Start painting with watercolor.

Please help spot the primary colors to start (Winsor & Newton professional grade)
3 hypothesis:

1.
Permanent Rose (502)
Windsor Blue (709)
Windsor Lemon (722)

Alternatives (if out of stock):

Scarlet Lake (603)
French Ultramarine (263)
Winsor Yellow (730)

2.
Permanent Alizarin Crimson (466)
French Ultramarine (263)
Winsor Yellow (730)

Alternatives (if out of stock):

Windsor Lemon (722)
Bismuth Yellow (25)
Permanent Rose (502)

3.
Alternative way choosing Cyan, Magenta e Yellow (instead of Red and Blue).
Permanent Magenta (489)
Alizarin Crimson (4)
Quinacridone Red (3)

Cerulean Blue (137)
Manganese Blue Hue (379)

A Yellow from above

Thank s in advance for your kind help.
Best regards.


----------



## picassolite (Dec 10, 2016)

I hope you have a bottle of aspirin by your side for this one ...


Here is your challenge ... your primary colors are red, blue, and yellow... no matter what the names of them are.



What you have here is a list of primaries ... but some are stain and others are opaque.


If you paint the same picture ... using all the possible charts ... one after another ... you will get very different painterly affects.


Best regards


----------



## Atha (Sep 1, 2019)

Thank you very much.
Regards.


----------



## Scott R Nelson (Jun 26, 2013)

picassolite said:


> Here is your challenge ... your primary colors are red, blue, and yellow... no matter what the names of them are.


The primary colors for printed material are cyan, magenta and yellow. If you substitute blue and red for cyan and magenta the colors you mix will be a bit more muddy.

I'm experimenting right now with just using three colors to mix everything else that I want. These three work fairly well for me:


Quinacridone Rose (Blick)
Phthalo Blue (Blick)
Quinophthalone Yellow (Daniel Smith)

I think these are all stains rather then opaque pigments, so there are some things I can't do with them. As a test, I used one of those Prang 16-color sets to lay down pure colors, then I checked that I could match all of those, including brown and black and I was able to come very close.

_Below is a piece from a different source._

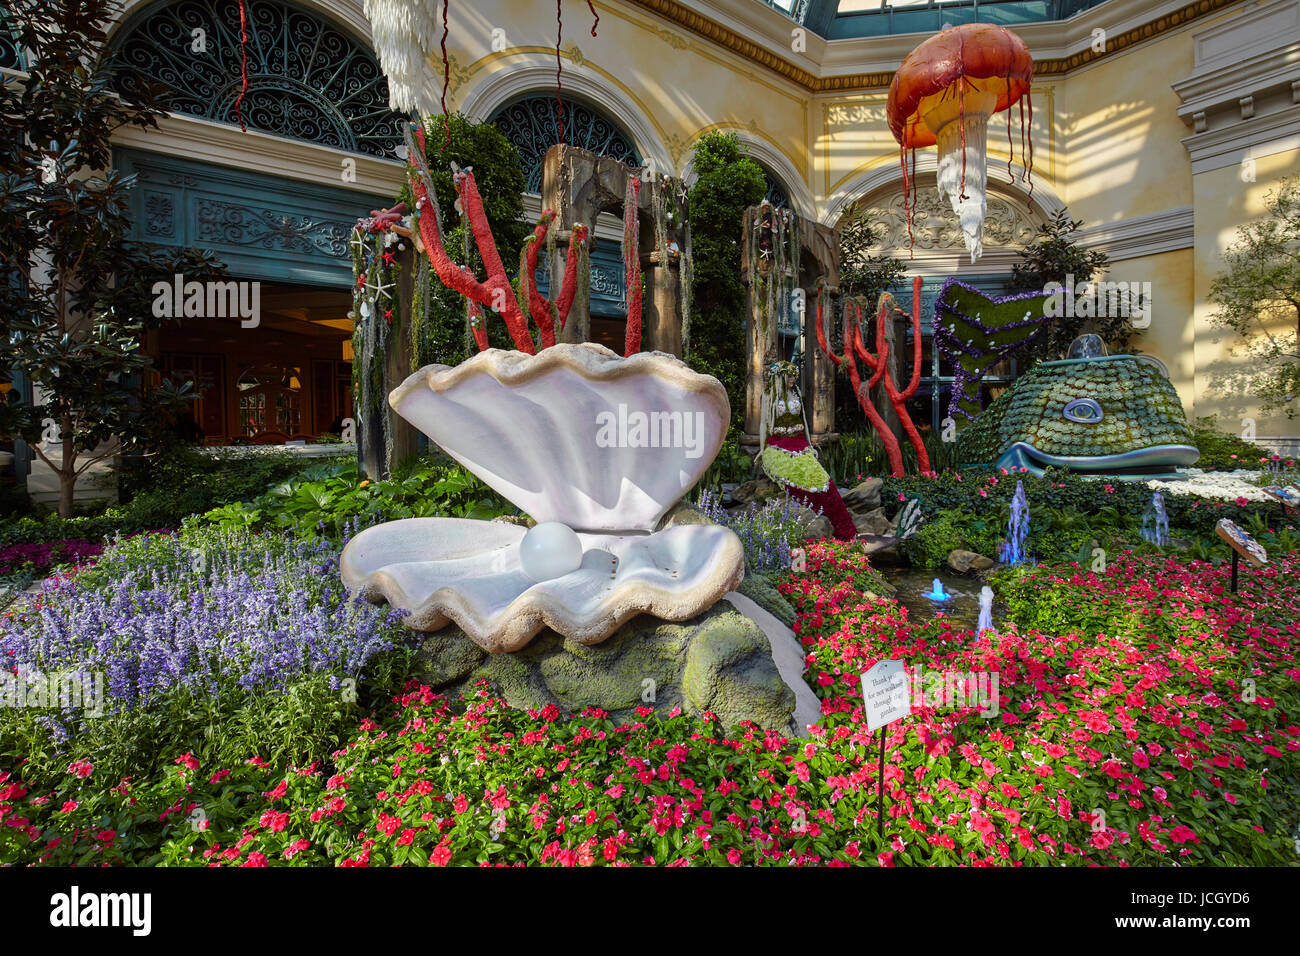 Botanical Gardens in the Bellagio hotel, Las Vegas, Nevada, United States Stock Photo

Yes, it's nice to have a zillion colors, but it is also interesting to be able to mix whatever color you need.

Other colors that I happen to like painting with include:


Quinacridone Magenta (Winsor & Newton)
Quinacridone Gold (Winsor & Newton)
Gamboge Hue (Grumbacher)
Hooker's Green Deep Hue (Grumbacher)
Antwerp Blue (Winsor & Newton)

I'm an on again/off again painter and haven't done much for several years. Trying to get back going again. Once I succeed at that, I'll post any new paintings that I manage to finish.


----------